We were at a party at a friend’s house. That’s how parties are going to be for a while in Boston. Back to hanging with friends. In one way it’s good for me. I usually am much more relaxed at smaller spaces. Less people, less noise, less worries. But in another way, it’s also much more difficult to find something else to do when I’m not really in the mood to begin with. Or should I say, when I’m IN a mood to begin with?
We’d found ourselves plunked between two other rope “scenes”. They were both trying out a new kind of chest harness. Something that they’d learned earlier. Daddy asked me if I’d wanted to try it. He had a hopeful look on his face and rope in his hand. I’d just gotten done telling a friend that I hadn’t really had rope on me since Shibaricon and wasn’t holding out much hope for this being “the scene” for us to start playing with it again. I was hopeful that we’d start using it again. That we’d start together again with it. Hope. The dirtiest four-letter word of all sometimes.
I’d been asking Daddy off and on for a couple of months about playing with rope. But after getting shut down so many times, I’d figured that I’d just fucking blew it with all the bitching I did. Instead of getting my point across about HOW I loved rope when it’s used in certain ways, it came off as how I didn’t like rope when it was used in certain other ways. I got tired of saying that we were lost when it came to rope. Instead, I just laughed it off and told my friends that we just didn’t have time to play with it anymore. But that it was okay. We did other things.
I’m sure that one or two of them couldn’t have felt any sorrier for me. I know I’ve been feeling pretty sorry for myself.
He started to tie the rope around my chest. I leaned back into him, I brought my hand up and touched his face. I smiled at him, I whispered to him, I touched his leg. I leaned forward, trying to catch his attention. Trying desperately to let him know that I wanted his rope. I wanted us to play again. I wanted it to be like it used to be. The connection. The attention. I wanted just something to go right with it.
And got nothing back. I became the diningroom chair. And as diningroom chairs are wont to do, I became useful for a purpose, but not the one which I’d intended. It was like the entire last couple of years of rope was just gone. We'd forgotten how to do something that used to be so simple for us as connecting with rope.
After he’d tied me, we adjusted a few things, moved some rope that was slipping, and got it done. I looked around and focused on Daddy. He was looking at the ropework being done by others. He was paying attention to the rope.
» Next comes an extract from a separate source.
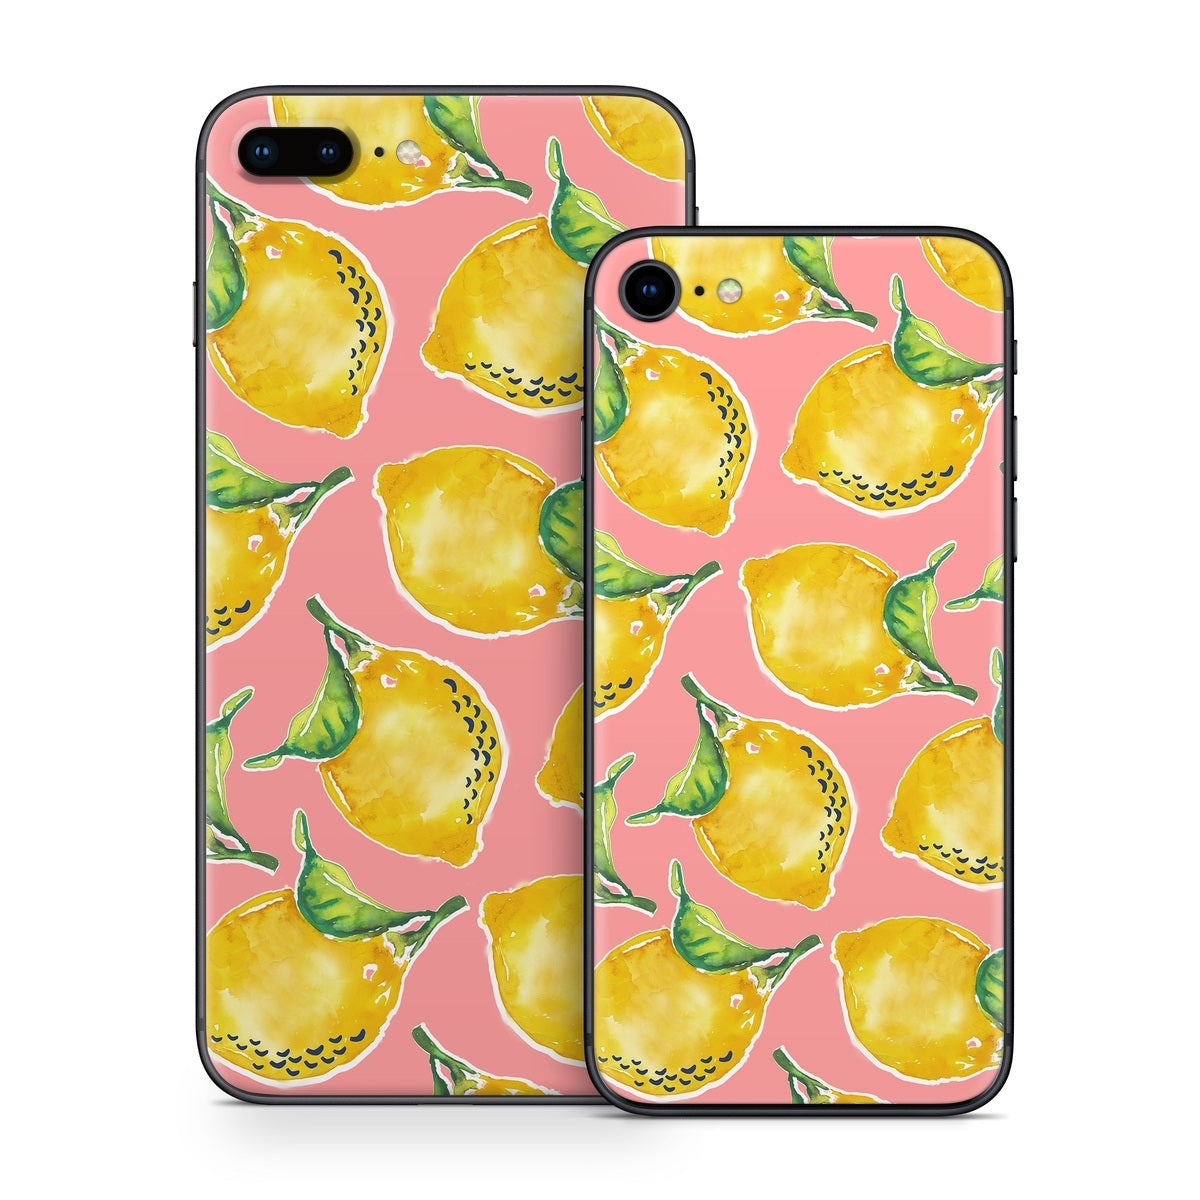 Lemon - Apple iPhone 8 Skin
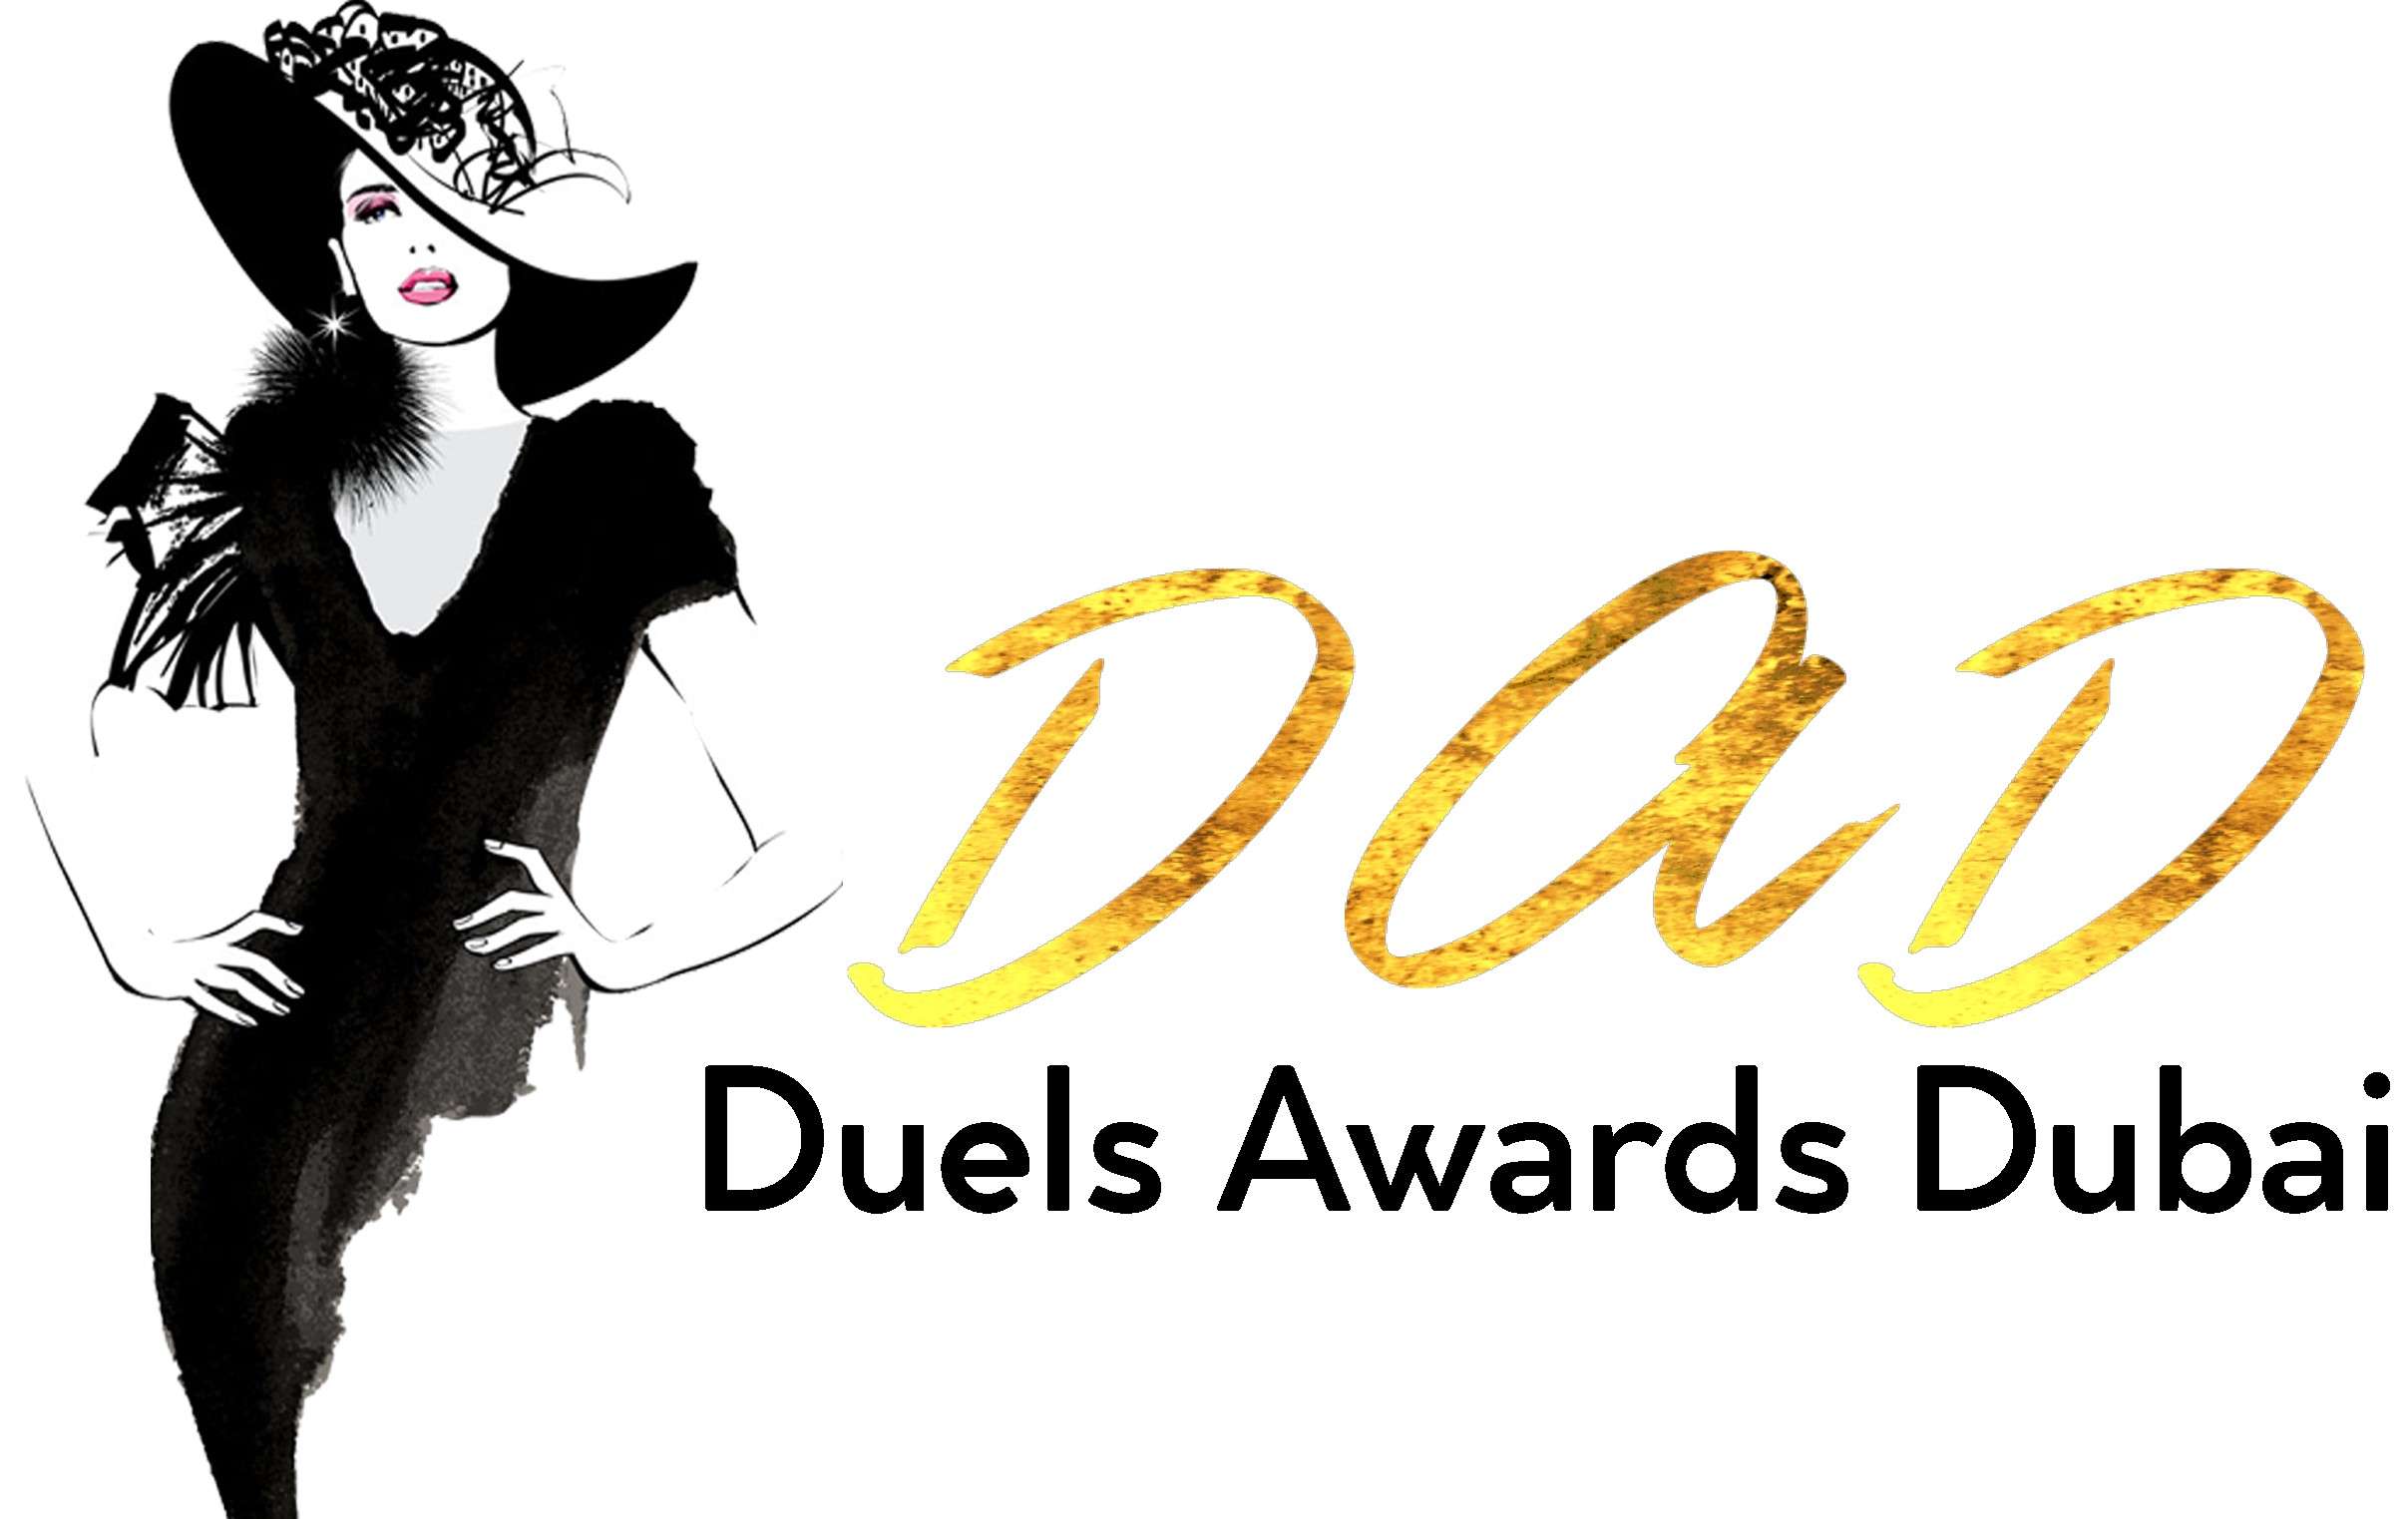 Duels Awards Dubai

And I lost it. I was too disappointed to speak. I was too upset to talk. And I just wanted out of the damned rope. I’d gone from hopeful, to trying to get him to remember, to just giving up on all of it. And who says rope isn’t amazing?
He’d looked at me and said that I wasn’t here with him. I knew what he was saying, but when I’m that upset, I tend to mouth off. I said that he’d just tied me, where else would I be? His face was different. He was upset. He was trying to figure out what the hell had happened. And he kept asking me about what I was feeling.
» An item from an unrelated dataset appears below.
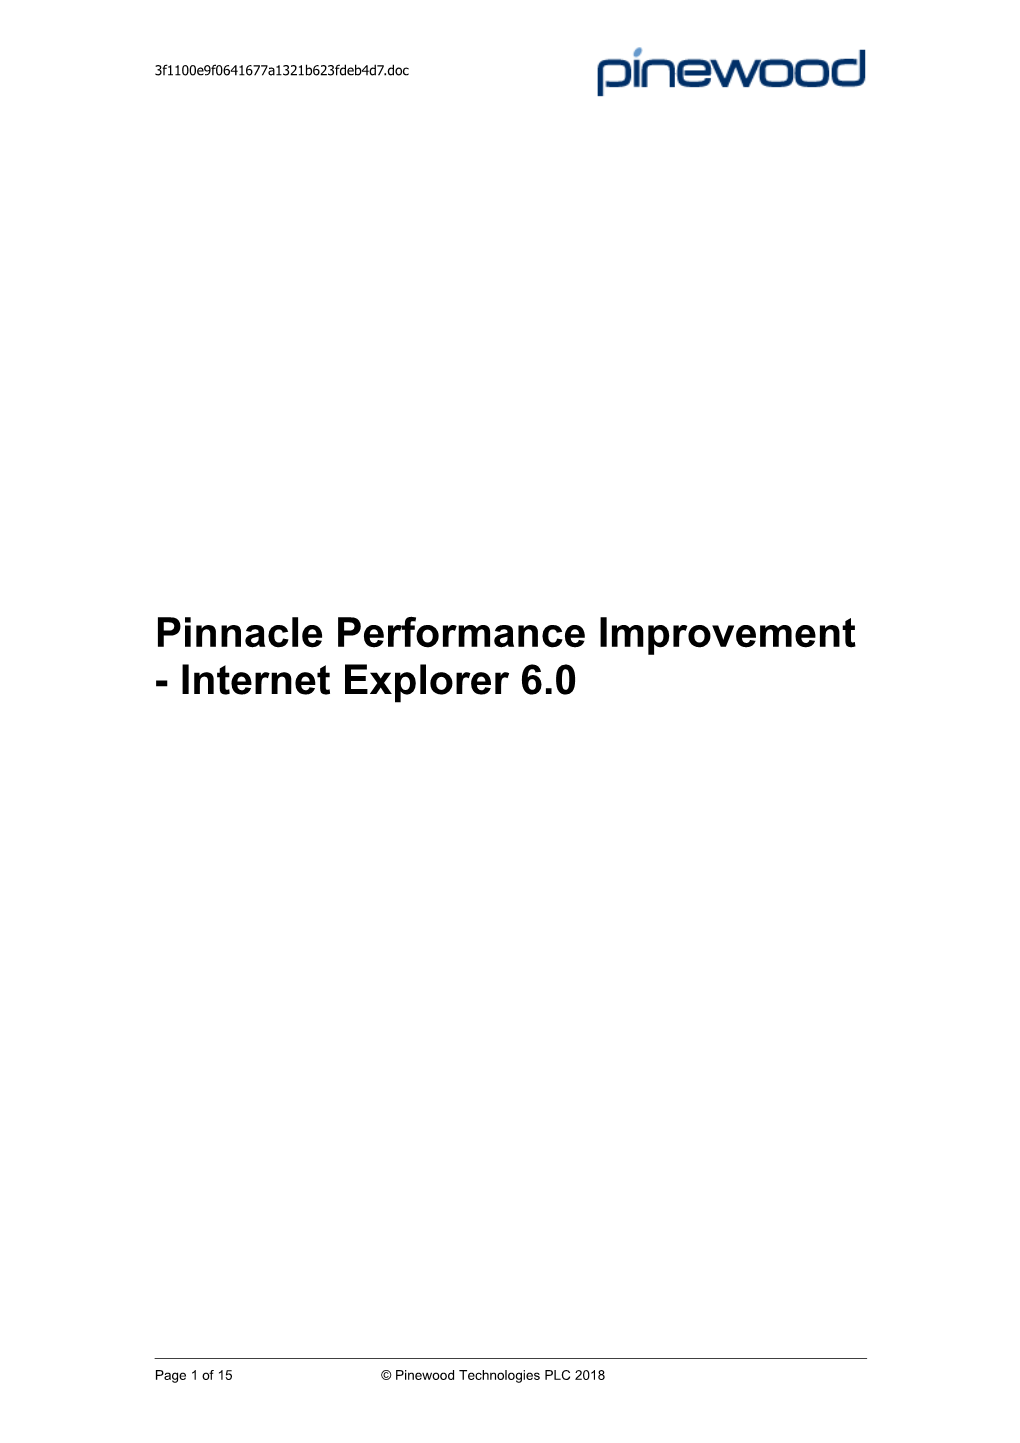 Pinnacle Performance Improvement (I E 6.0)

Until I finally thought, I’ve already given up on the rope. He might as well know it. And because I was hurt, I said the words that I vowed that I’d never say to him.
I blurted out everything: How I felt like the chair. How he was tying the rope, not the girl. How it used to be different.
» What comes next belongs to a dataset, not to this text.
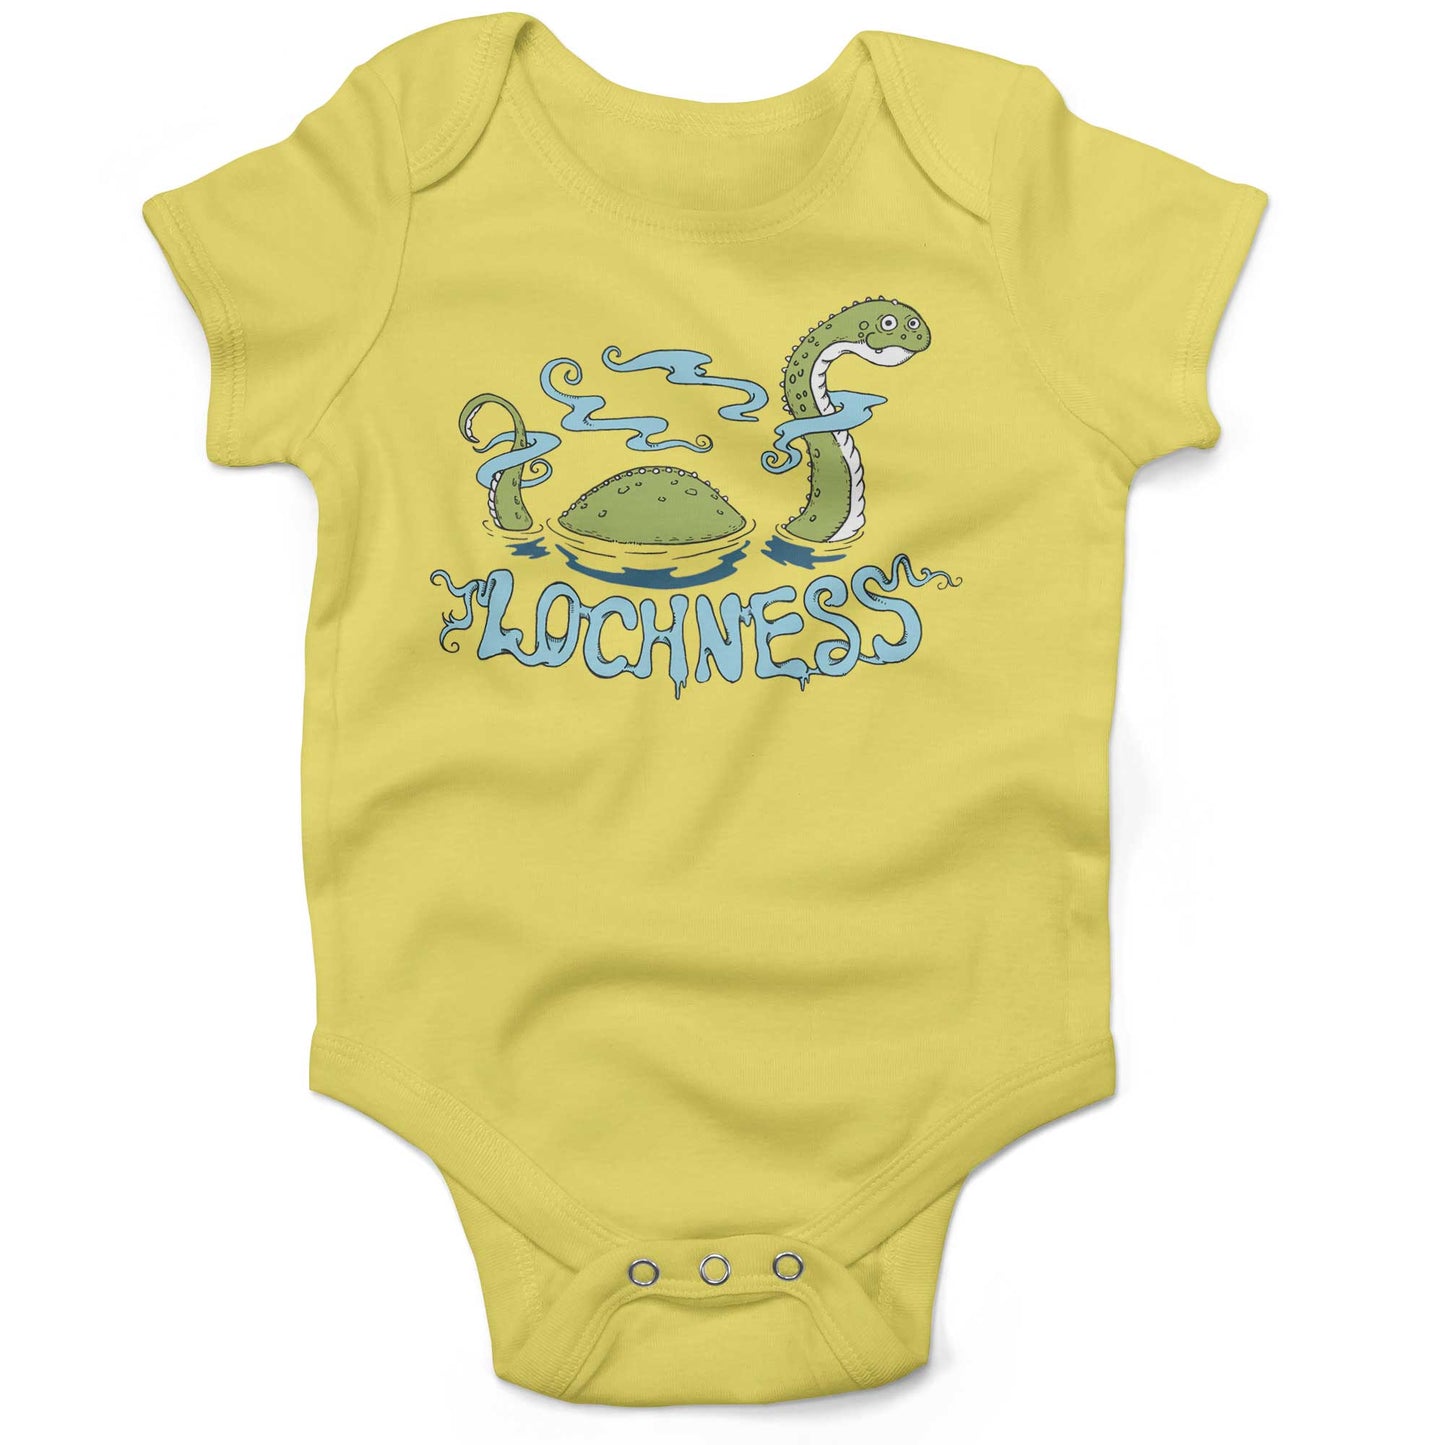 Loch Ness Monster Infant Bodysuit or Raglan Baby Tee-Yellow-3-6 months

He said that I needed to cut him some slack. It had been a while since he’d tied. I know it has. I’m there.
To try to salvage something, I asked him to tie ME. I didn’t care how the rope looked, how pretty it was, how the knots went. All I cared about was HIM tying ME. Both of us, using the rope to relearn how to do something that we’d forgotten how to do. Using the strings to pull each other into our personal space. To use the rope to start to mend us.
I smiled when he grabbed me. I wanted it to be a hot, sexy scene, but instead, I was too happy that he’d actually remembered how to do this, that my laughter got the better of me. And as usual, things devolved into another bout with those unintended consequences. During which all I could think of was one thing:
If you want me there with you, use ROPE!